#### Aim of the exercise:
Exact copies of all the lines below are wanted, without a single picture.

----------

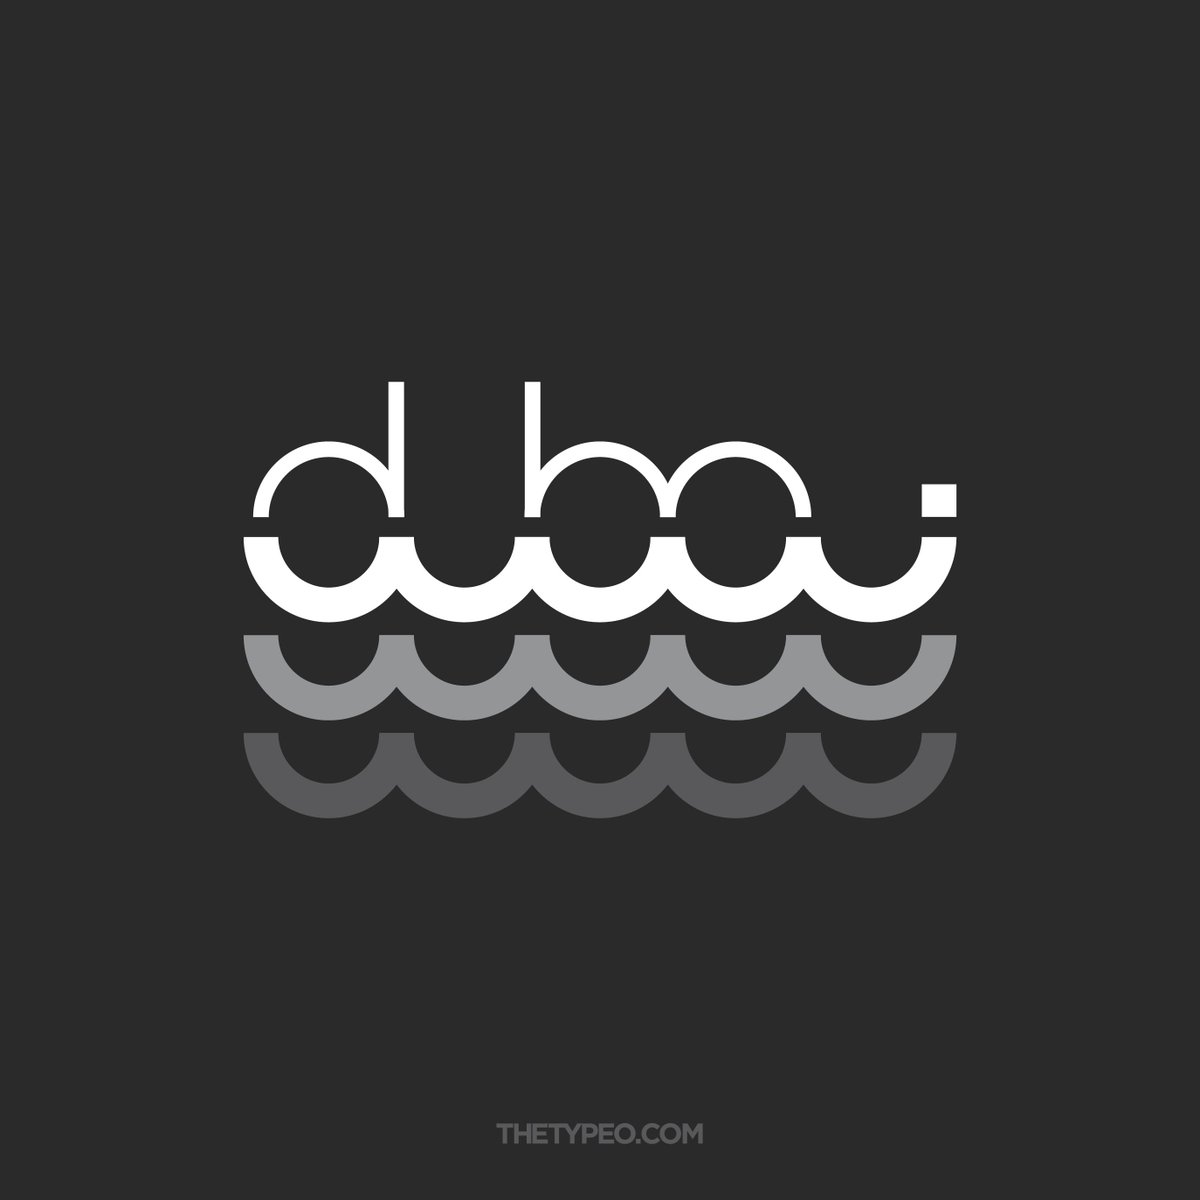 #dubairain 
.
.
.
.
#Dubai #Dxb #urbanflooding #typography #wordplay #expressivetypography #owaisriaz #thetypeo

----------

#### Response box:
 #dubairain 
.
.
.
.
#Dubai #Dxb #urbanflooding #typography #wordplay #expressivetypography #owaisriaz #thetypeo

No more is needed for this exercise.